Hiii hiii! If you have room for one more on the list, id love to stop by


----------



## Xdee (May 4, 2020)

Xdee
Island: charms


----------



## Hyllin (May 4, 2020)

I'd love to visit I'm Hyllin from Alola


----------



## helbels (May 4, 2020)

sounds like you’re super busy but i’d love to come when you’re free! ign: helen from quiet key


----------



## shirocha (May 4, 2020)

Hiii, could I please come by?  Catie from wetlands!


----------



## drahcir` (May 4, 2020)

I'd like to visit if you're still taking people!
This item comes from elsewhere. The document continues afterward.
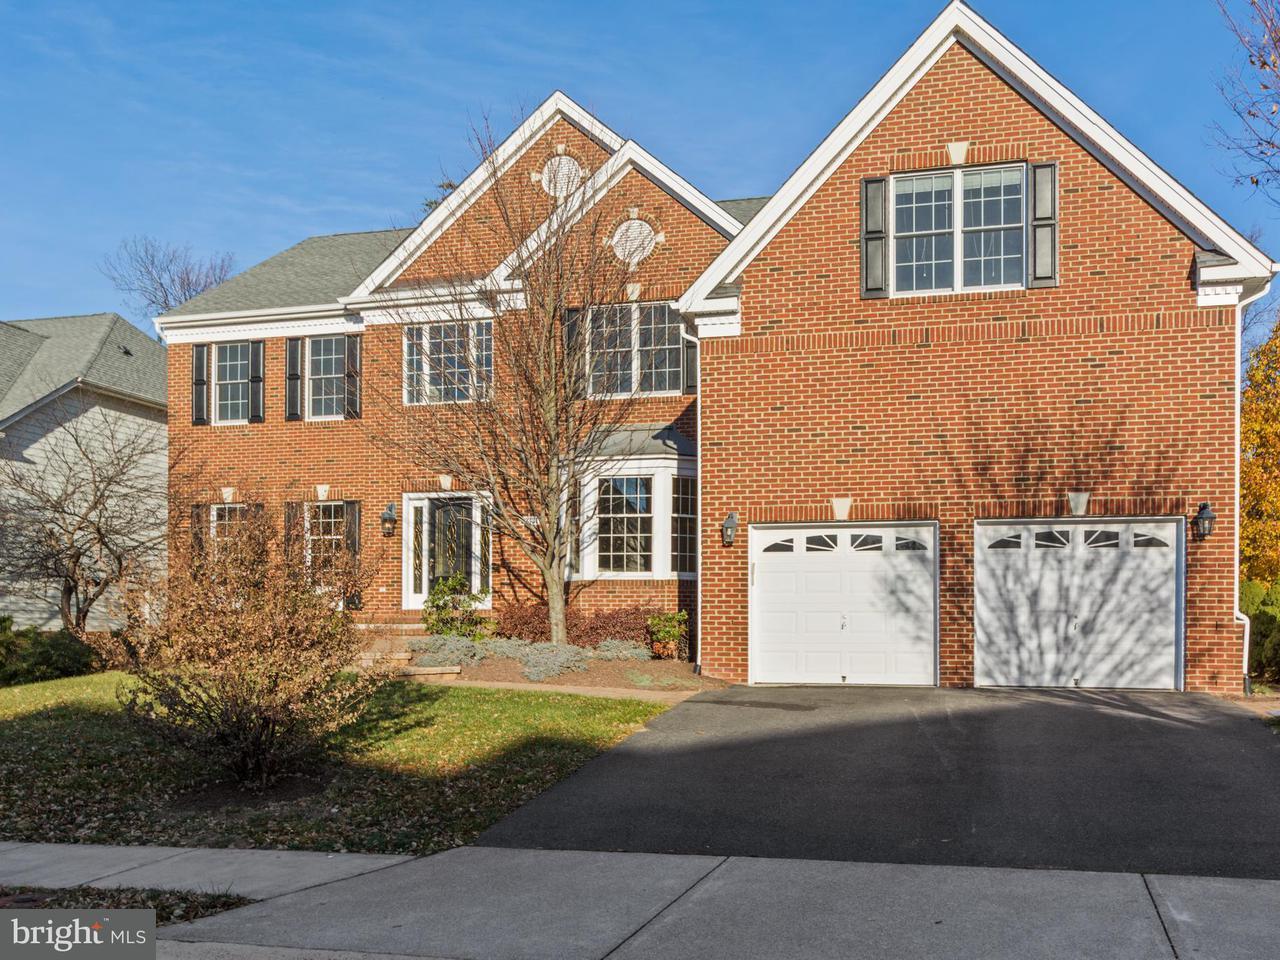 Single Family Home for Sale at 20331 KIAWAH ISLAND Drive 20331 KIAWAH ISLAND Drive Ashburn, Virginia 20147 United States
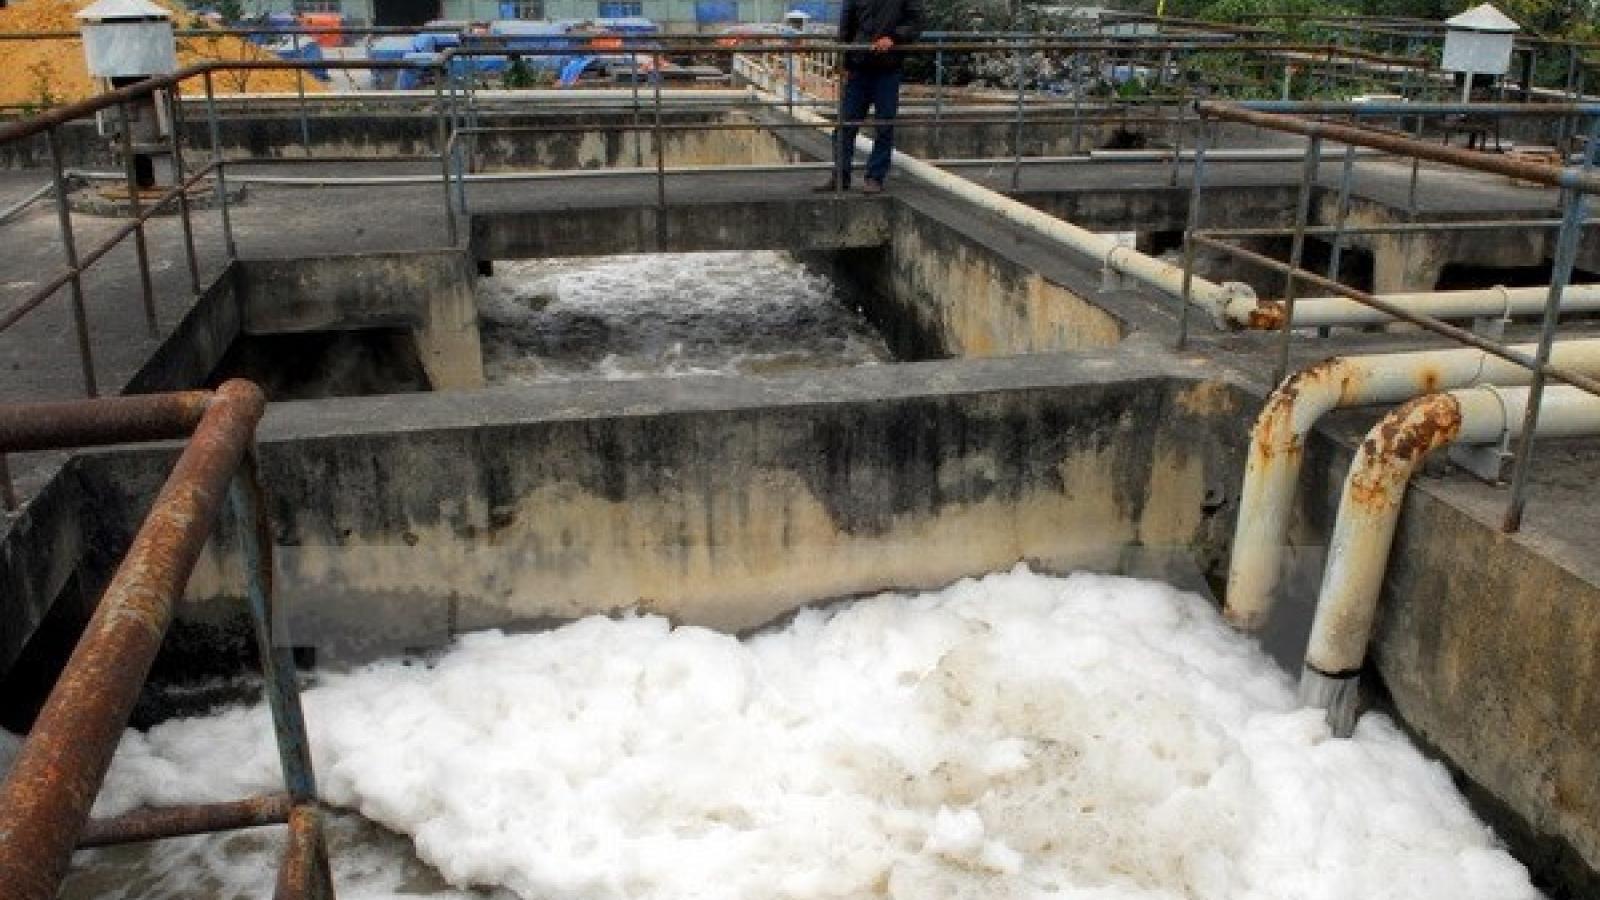 Vietnam, RoK eye cooperation in water treatment, environment

I'm drahcir from The Rock.


----------



## carmenlvsx (May 4, 2020)

Can I come please??


----------



## Tikki000 (May 4, 2020)

Cenna said:


> SAHARAH is selling WHITE ROSE RUG (medium) + STORMY wallpaper.
> 
> ————
> *HOW IT WORKS: *
> ...





Cenna said:


> SAHARAH is selling WHITE ROSE RUG (medium) + STORMY wallpaper.
> 
> ————
> *HOW IT WORKS: *
> ...


 IGN: Evan
Island: Bora Bora


----------



## DIEGO O4 (May 4, 2020)

I want to come

	Post automatically merged: May 4, 2020

Ign Diego J                                  ...                   island name Diegsland


----------